Prices went even higher. For the first quarter of 2023, the average sales price of a home reached a record $3.08 million, reports Douglas Elliman. Rentals aren’t cheap either. “For a relatively updated three-bedroom house with a pool, you’re looking at $1,000 a night,” said Joseph Van Asco, a broker. “The high end starts around $100,000 a month.
“Housing is probably the main reason why the 20s and 30s are kind of pulling out of the Hamptons,” said Britton Bistrian of Amagansett. consultant. “A shared home, in the 1980s and 1990s and even into the 20th century, was something that was attainable for a young professional. And I’d say it’s not anymore. They were valued just like working class people.’
Demand is falling. It’s over news that summer rental prices are falling because there are more houses in the region than people willing to rent them. But that may not be enough to draw trendy youngsters back.

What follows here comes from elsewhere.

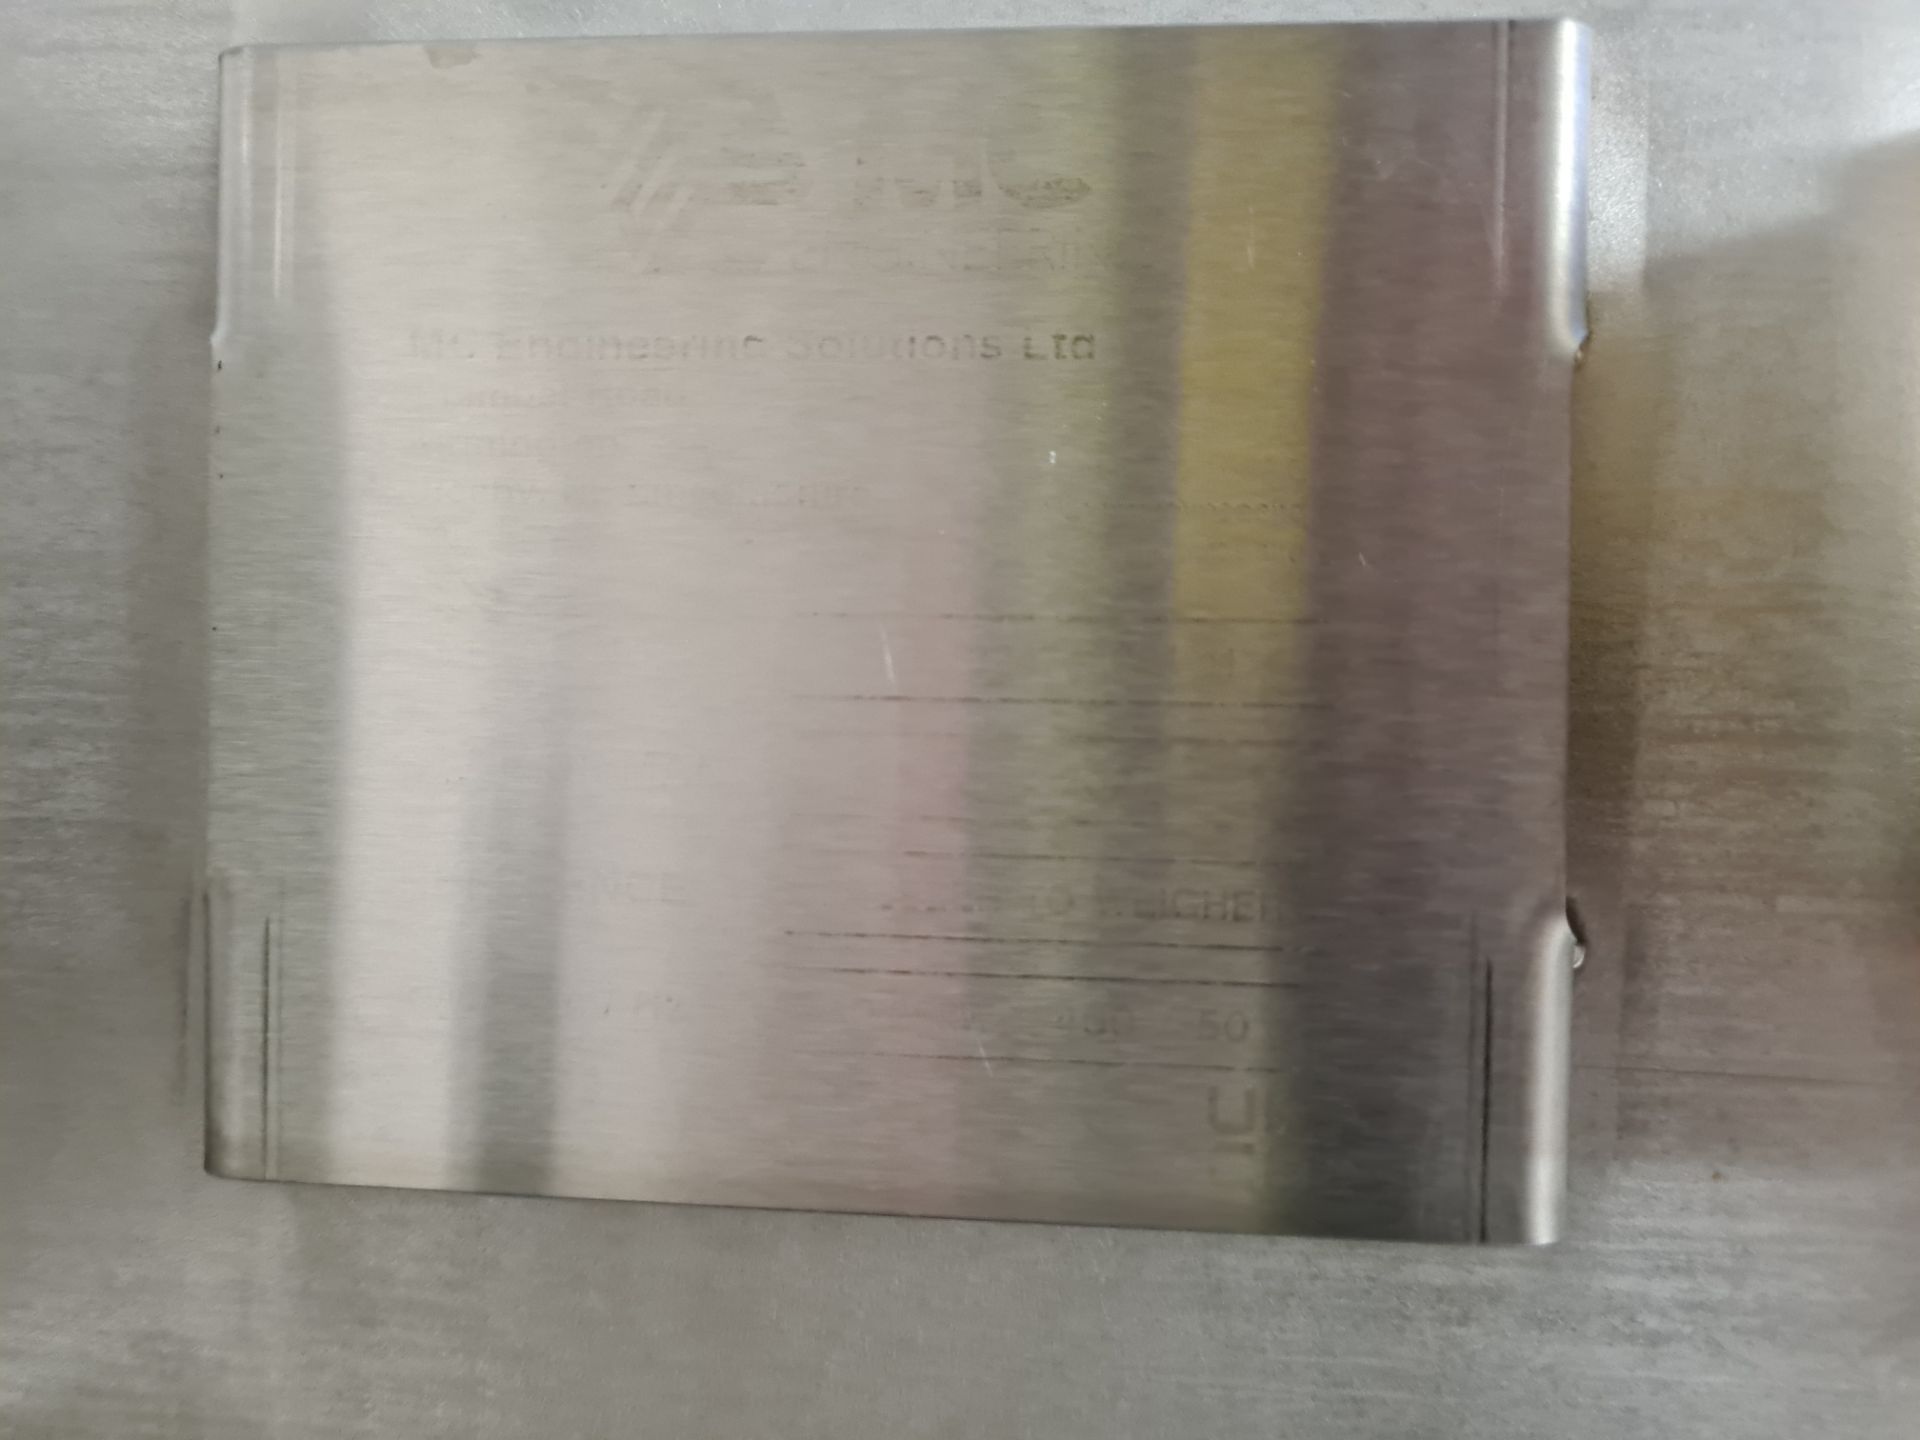 MC Engineering STAINLESS STEEL CASED PLASTIC BELT CONVEYOR, serial no. MC/3247/2021/11, 620mm wide - Image 5 of 5

The Hamptons represent conspicuous wealth that is not as celebrated as it might have been in the 1990s and 2000s. The media we consume is largely driven by rich storylines – such as “The Triangle of Sorrow”, “The Menu” and “The White Lotus”. So perhaps it’s not unexpected that young people have little interest in adapting to the Hamptons lifestyle.
“I think of the Hamptons as a vacation spot for a certain subset of affluent New Yorkers who probably use the word ‘summer’ more as a verb than a noun,” he said. Jade Song26-year-old art director and author of “Chlorine: A Novel.” She won’t be leaving New York this summer, but she’ll still get her beach fix — “I’ll be eating vareniki, lagman and khachapuri on Brighton Beach,” Ms. Song said.
Sunny Hostin, 54, co-host of ABC’s “The View” and author, also used to feel the same way. When she was 20 years old, Mrs. Hostin “heard rumors about this place where posh people went.”
Even though she was intrigued, Mrs. Hostinová was not in a hurry to visit at first. “From my perspective, it didn’t have a reputation as a haven for people of color,” she said. “When I got invited, because it was this glitzy, rich, rich place, I wasn’t really drawn to it at first because I didn’t know if it was the right fit for me.”
But her opinion changed in her 30s when she discovered a historically black beach community known as SANS in the port of Sag. She started renting a house there during the summer months and it quickly became a tradition. “I have memories of clams digging in the bay looking for crabs with their babies,” she said. “Now I have a real history there.
Inspired by these experiences, Mrs. Hostinová wrote “Summer in the port of Sag”, set in SANS. He hopes it will help change young people’s minds about the Hamptons. “I can’t believe I felt that way,” Ms. Hostin said. “They need to visit as soon as possible, even if it’s just for a day – one day is all you need to know you belong there.”